Я уже достиг той части бульвара, где начинается огромный мост, перекинутый через район вокзала. И в тот самый миг, когда полицейские появились впереди меня, раздается свисток трогающегося поезда. Но тронулся поезд, нет ли, мост для меня сейчас единственное спасение, как лезвие бритвы в недавнем кошмаре, и, ничуть не раздумывая, я сигаю с парапета в пустоту.
Вокруг темно, но я не знаю, то ли это темнота ночи, то ли это очередной приступ галлюцинации. Потом я убеждаюсь, что это не приступ. Мне удается установить, что я нахожусь в огромной бетонной трубе, от которой разит гудроном, и теперь я вспоминаю все: прыжок с моста, и прыжок под откос из вагона движущегося поезда, и то, как я добрался до трубы возле насыпи. При падении с моста я угодил точно в середину товарного вагона, и это меня спасло. Правда, вагон был нагружен не хлопком, а каменным углем, и последствия этого я ощущаю всем телом. В первый момент я подумал, что эта труба среди поля не самое лучшее убежище, но потом заметил, что она почти заросла бурьяном, да и сил больше не было. Я в любую минуту мог лишиться чувств.

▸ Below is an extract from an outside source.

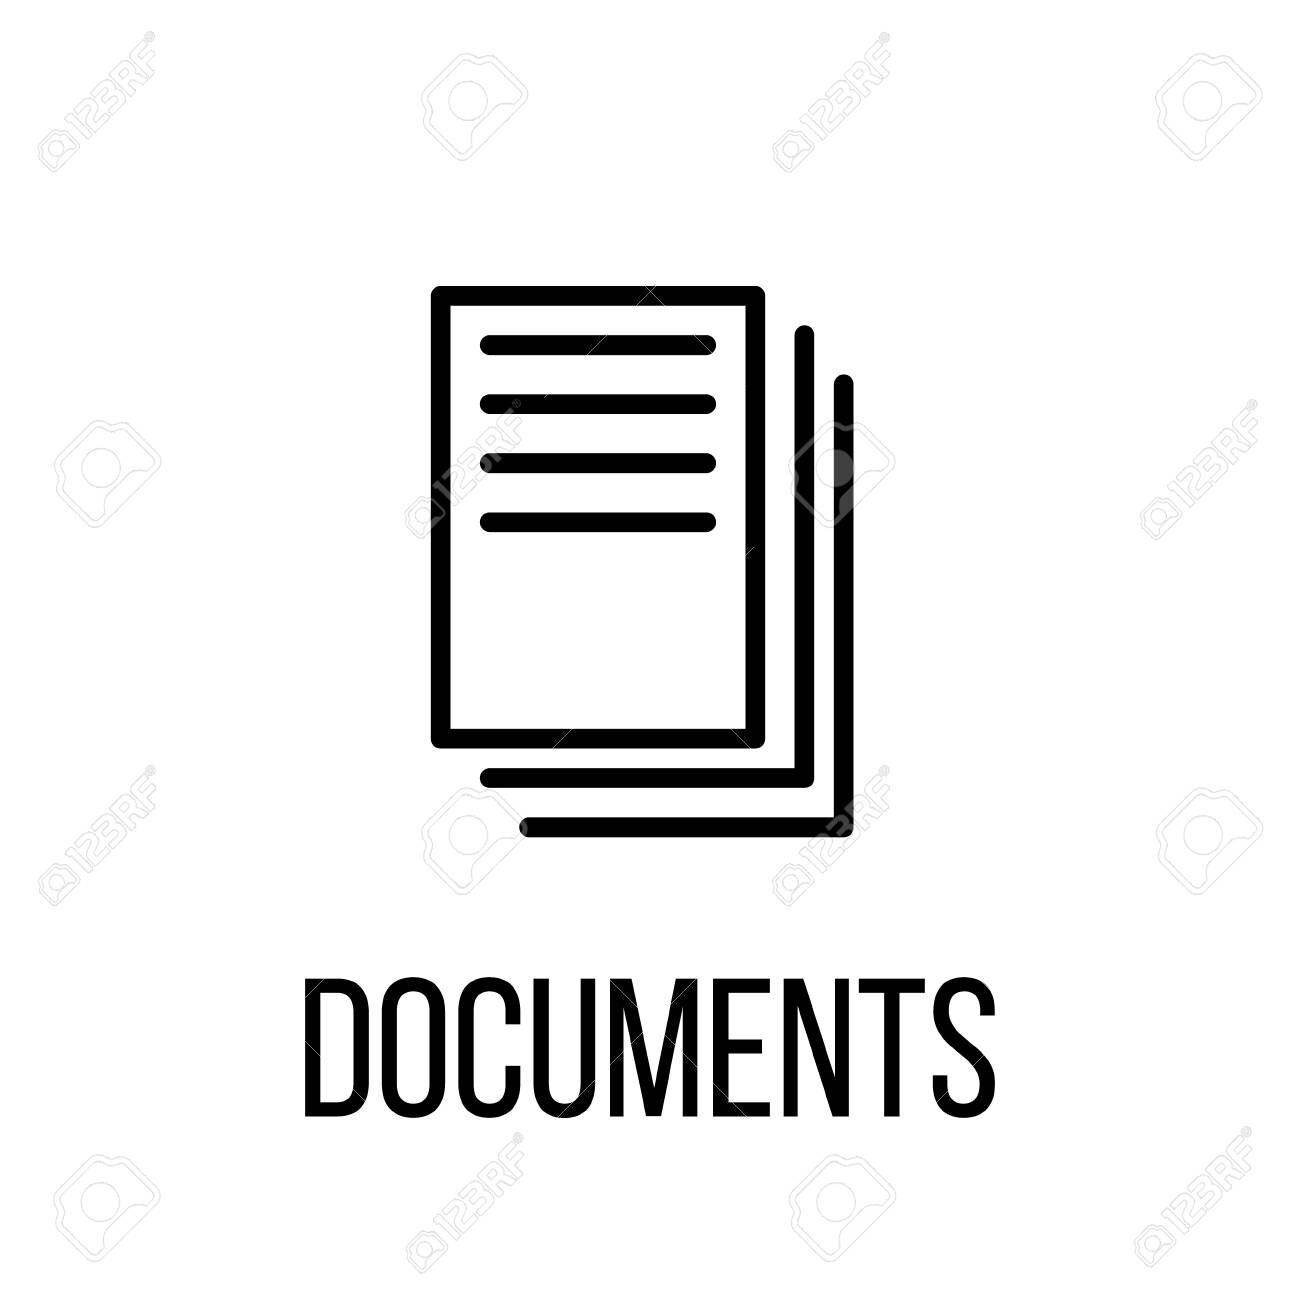 69424085-icône-de-documents-ou-logo-dans-un-style-de-ligne-moderne-pictogramme-noir-de-haute-qualité-pour-la-conce.jpg

Вскоре я и в самом деле впал в забытье, но уже в утробе этой гигантской трубы. Я помню только сильный запах гудрона и последнюю смутную мысль: «Хорошо, что ее полили гудроном… гудрон служит изоляцией… изолирует от холода бетона… хорошо, хорошо…»
Моего слуха достиг сухой выстрел автомата, и что-то просвистело у меня над головой в сгоревшей от зноя листве.
— Надо бы перебежать вон до того камня да бросить в их логово две-три лимонки, — тихо говорит Любо Ангелов.
Любо ни к кому лично не обращается, но слова его относятся ко мне, потому что сам он ранен в ногу, а Стефана так скверно стукнуло, что ему едва ли выбраться живым из этой рощицы. В действительности это никакая не рощица, а всего лишь несколько кустов акации с поблекшей листвой среди осыпей, жалкий остаток былых насаждений, которыми люди пытались закрепить разрушающиеся склоны холма. И вот мы лежим втроем под этим ненадежным укрытием, тогда как те, наверху, упражняются в стрельбе по нашим головам.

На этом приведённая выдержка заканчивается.